[[ DATA EXCERPT, beginning ]]

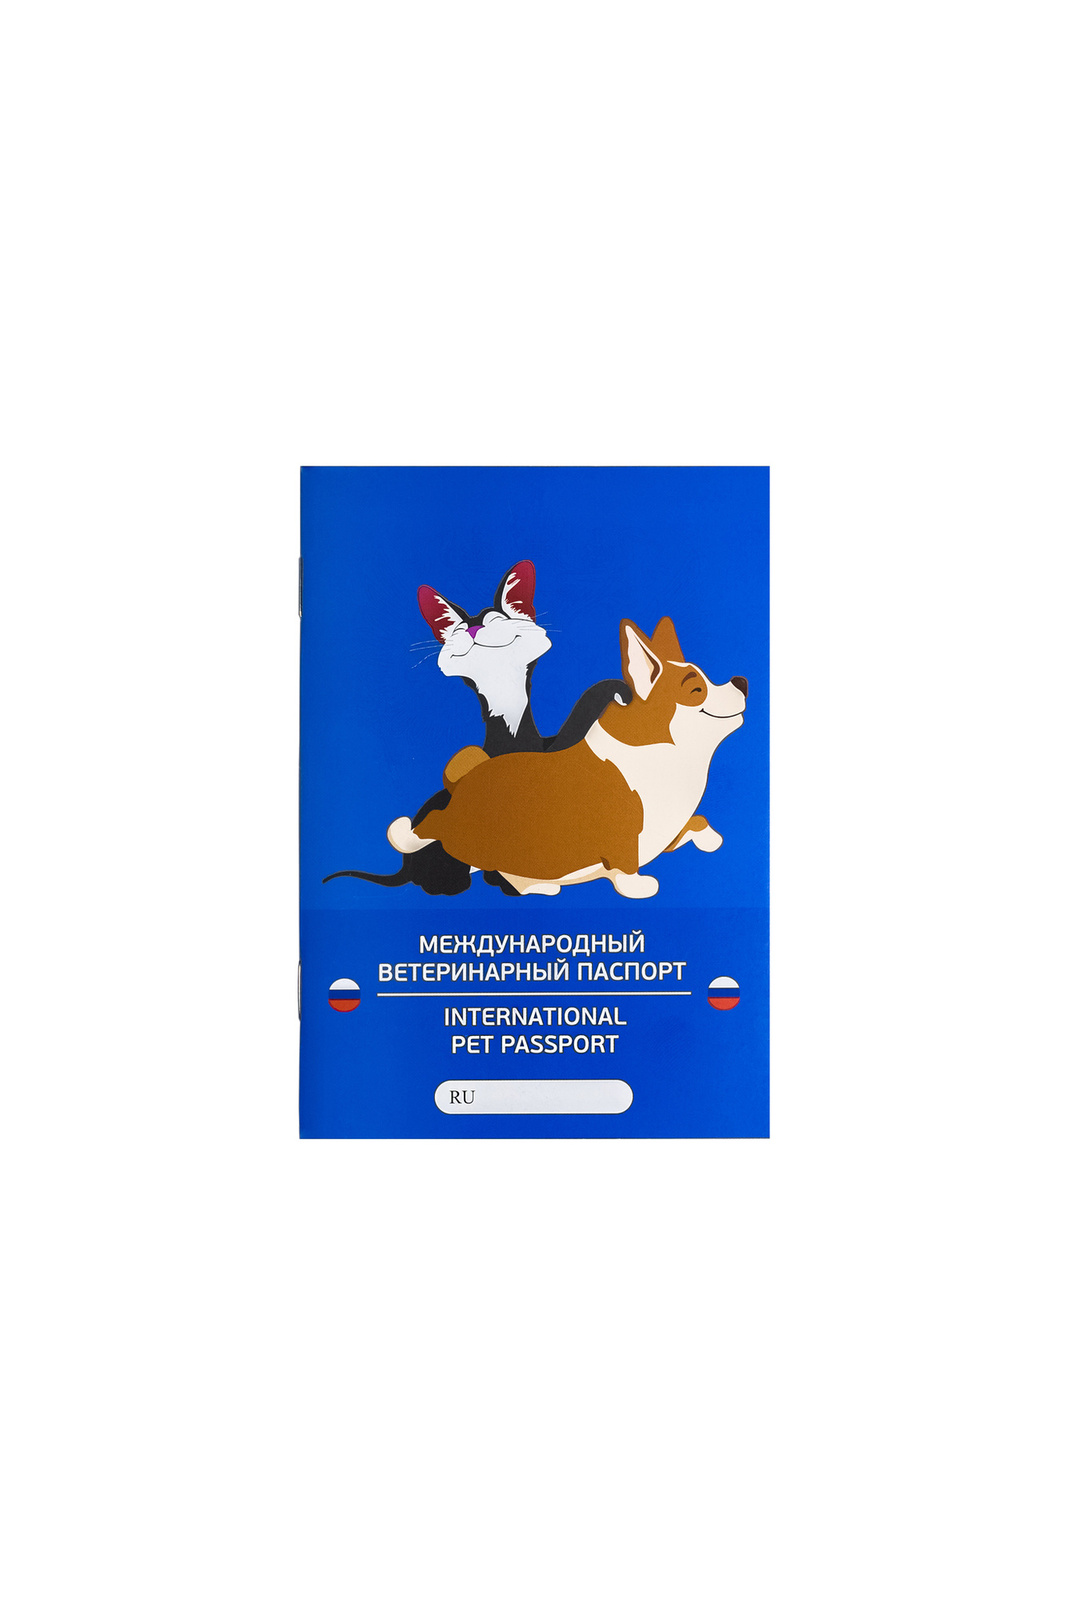 VETЗАБОТА VETЗАБОТА паспорт ветеринарный А6, 28 листов, обложка с ламинацией матовой (10 г) обложка на ветеринарный паспорт международный ветеринарный паспорт пвх
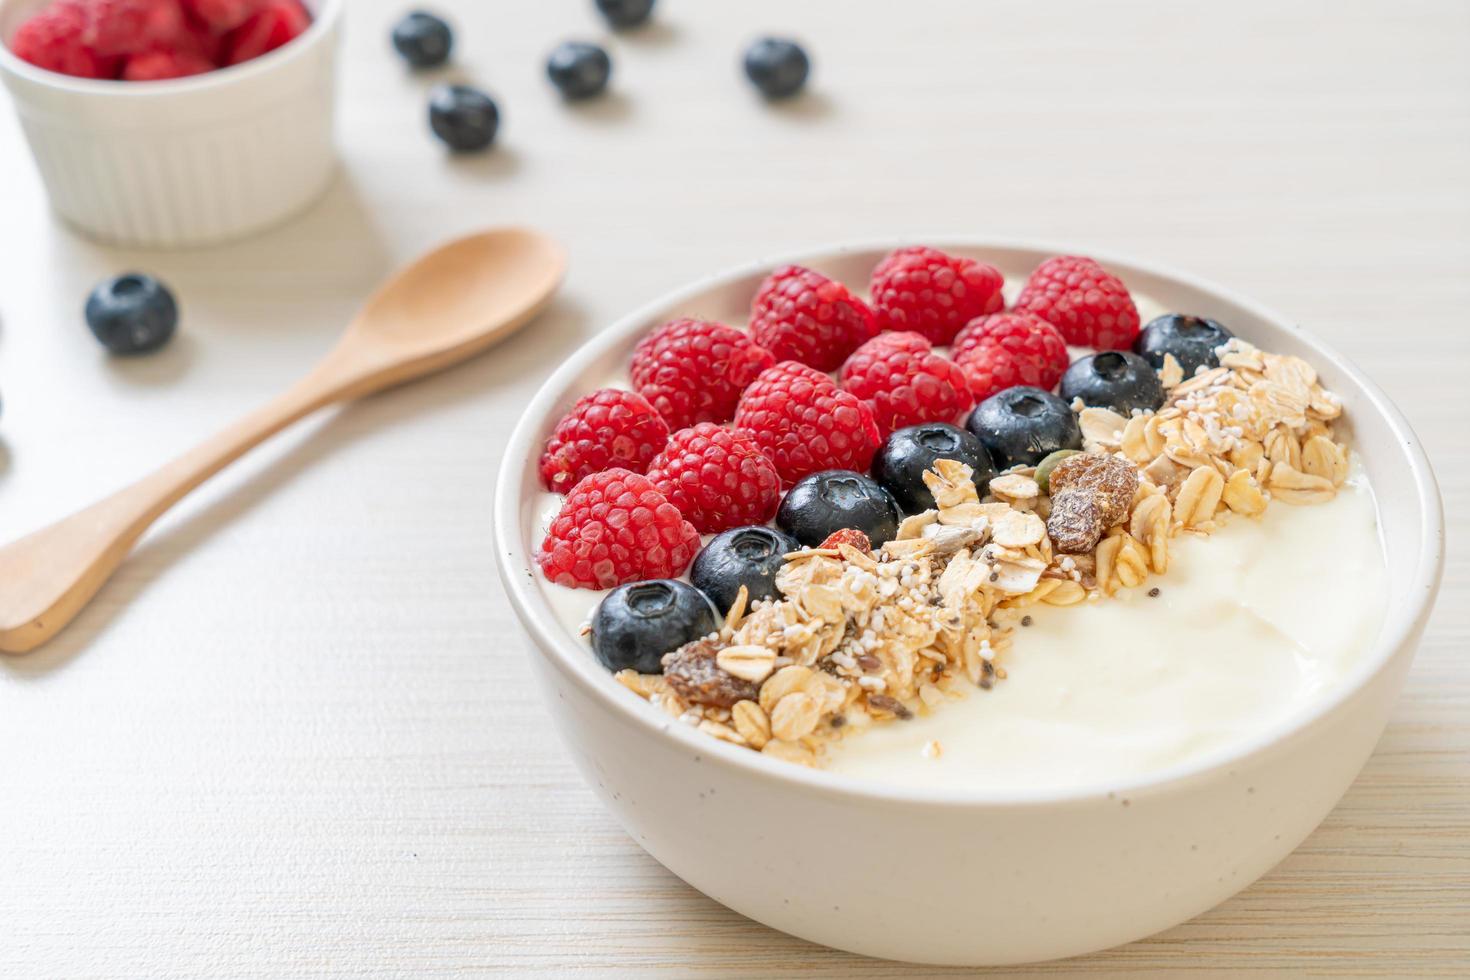 hausgemachte Joghurt-Bowl mit Himbeere, Heidelbeere und Müsli - gesunder Food-Style foto
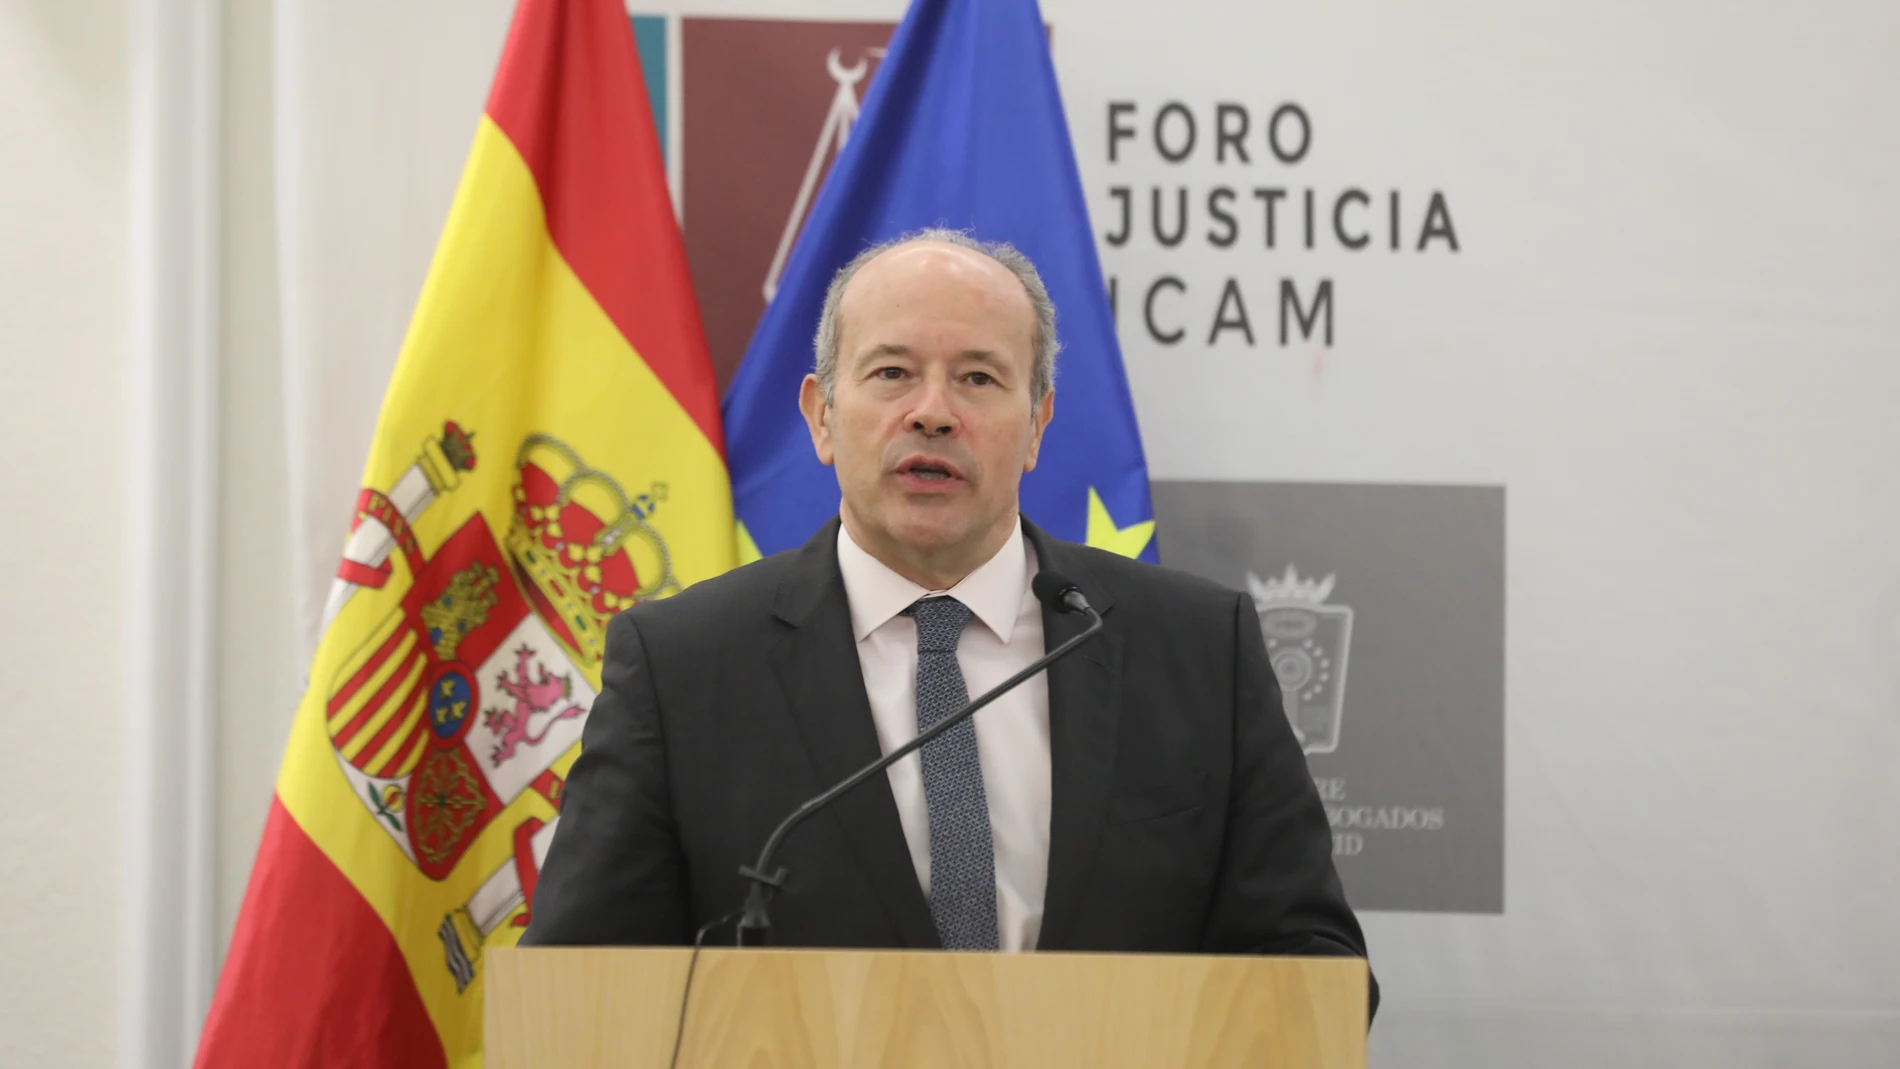 El ministro de Justicia, Juan Carlos Campo, presenta a la presidenta del Consejo General de la Abogacía, Victoria Ortega

[[ DATA EXCERPT, end ]]

Repeat the data exactly, excluding the pictures.

▸ EXERCISE ANSWER:
 VETЗАБОТА VETЗАБОТА паспорт ветеринарный А6, 28 листов, обложка с ламинацией матовой (10 г) обложка на ветеринарный паспорт международный ветеринарный паспорт пвх
 hausgemachte Joghurt-Bowl mit Himbeere, Heidelbeere und Müsli - gesunder Food-Style foto
 El ministro de Justicia, Juan Carlos Campo, presenta a la presidenta del Consejo General de la Abogacía, Victoria Ortega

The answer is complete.